Across almost every real account, compute dominates — training instance-seconds and always-on endpoint instance-hours are the big lines; the feature and storage meters are usually rounding error by comparison until you reach large scale. So the rest of this page weights toward compute: which instances, which endpoint mode, and how to cut both.

One caveat stated once and applied throughout: every dollar figure on this page is representative as of 2026. AWS pricing varies by region and changes over time, and GPU instance pricing in particular moves. Use these numbers to reason about the shape and relative magnitude of cost — then confirm exact current rates on the AWS SageMaker pricing page before you budget.

line by line

IIPricing by component

Here is each meter, what triggers it, and how to think about its size. The pattern to notice: the things that run continuously cost the most; the things that run transiently are cheap.

Read this as a checklist of everything that can appear on a SageMaker bill, roughly ordered from biggest typical impact to smallest.

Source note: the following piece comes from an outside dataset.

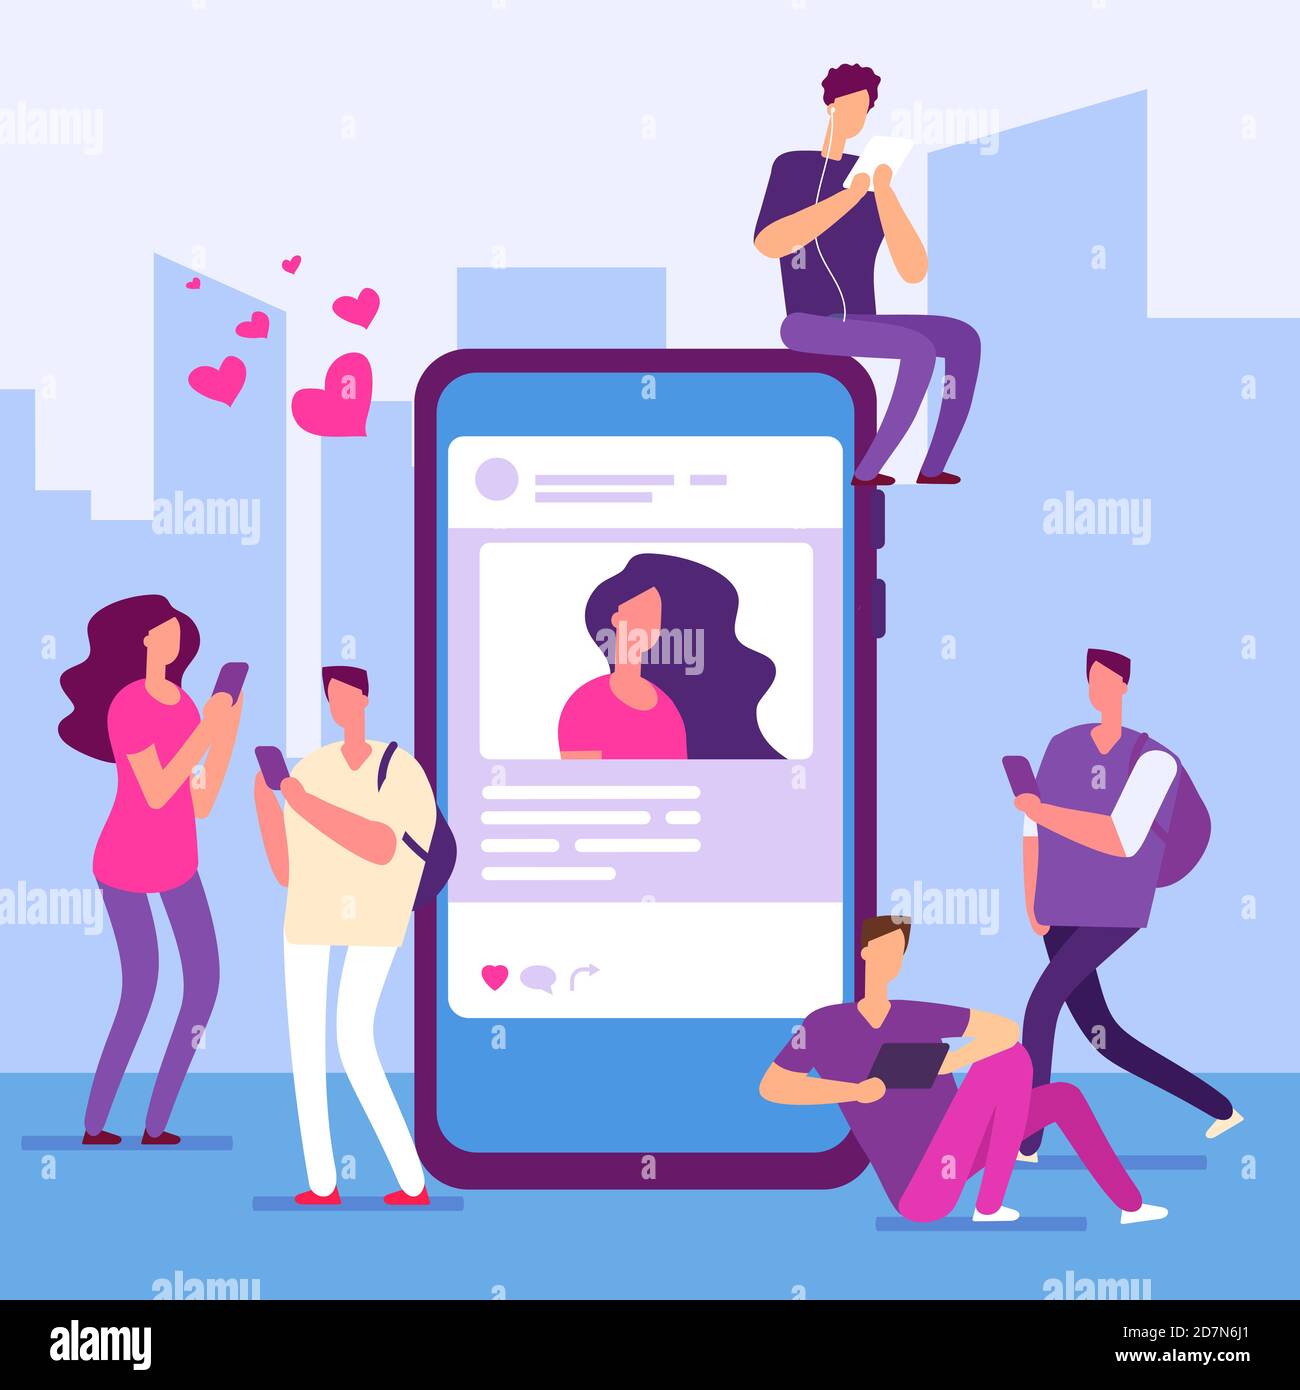 Social-Media-Konzept. Menschen folgen Smartphone mit Nachricht und mögen. Vektor-Smartphone und Networking, Social Online-Feedback Illustration Stock Vektor
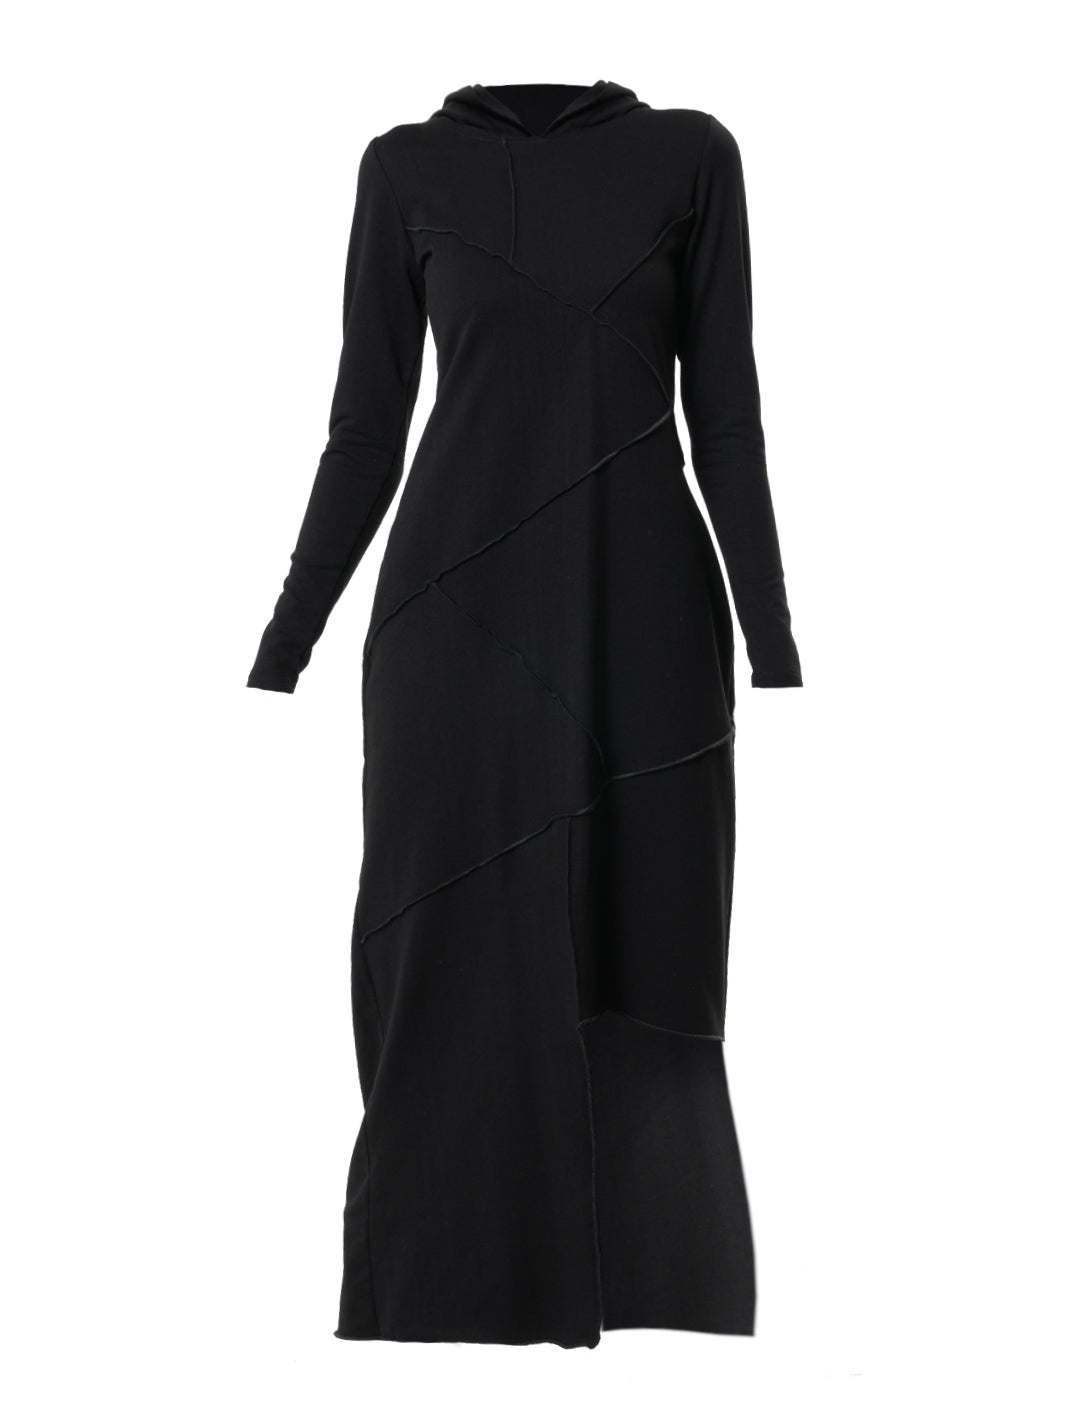 Асимметричное черное платье с капюшоном

  • Training jobs — Billed per instance-second for every instance in the job, from launch to completion. Cost = (per-hour instance rate ÷ 3600) × seconds × instance count. A short job on a small GPU is a few dollars; a multi-day distributed job on many high-end GPUs is the largest single line a research team will see. Managed Spot training can cut this substantially in exchange for interruptibility.
  • Real-time endpoints — Billed per instance-hour for as long as the endpoint exists, 24/7, regardless of whether requests arrive. This is the most expensive idle mode and the #1 source of surprise bills. Cost = per-hour instance rate × instance count × hours up. Auto-scaling adds instances under load (and cost).
  • Serverless inference — Billed for the compute consumed per inference (memory-size × duration) plus the number of requests; scales to zero when idle, so you pay nothing between bursts. Cheaper than real-time for spiky or intermittent traffic; trade-off is occasional cold-start latency.
  • Asynchronous inference — Billed per instance-time while the endpoint is processing the queue; can scale to zero between bursts. Suits large payloads and long-running inferences where you do not need a synchronous response.
  • Batch transform — Billed per instance-second of the transient job that scores a dataset — no persistent endpoint, so nothing bills between runs. Usually the cheapest way to score a whole dataset offline (e.g., nightly).
  • Studio / notebook compute — Billed per instance-hour for the compute backing your interactive notebooks and IDE apps while they are running. An idle-but-still-running notebook keeps billing — set auto-shutdown. (There is no charge for the SageMaker domain itself, only the compute apps inside it.)
  • Feature Store — Billed for writes and reads to the online store plus storage in the offline store. Modest for most workloads; can grow with very high-throughput real-time feature serving.
  • Data Wrangler — Billed per hour for the processing instance used during interactive data prep and for the processing job when you run a transformation flow at scale.
  • Ground Truth (labeling) — Billed per labeled object, plus the human-workforce cost if you use a vendor workforce or Mechanical Turk. Automated/active-learning labeling reduces the count of objects that need human review.
  • Storage & data transfer — S3 storage for datasets and model artifacts at standard S3 rates, plus any EBS volumes attached to instances, plus standard AWS data-transfer charges. Small relative to compute but non-zero at scale.
the one rule that saves the most money

If you remember nothing else: real-time endpoints and notebooks bill while idle; serverless, async, and batch transform scale to zero. The most expensive mistake in SageMaker is leaving an always-on real-time endpoint or a notebook running after you stop using it. Auto-shutdown notebooks; delete test endpoints; default to serverless/batch until steady traffic justifies real-time.

compute rates

IIIInstance family & GPU cost table (representative 2026)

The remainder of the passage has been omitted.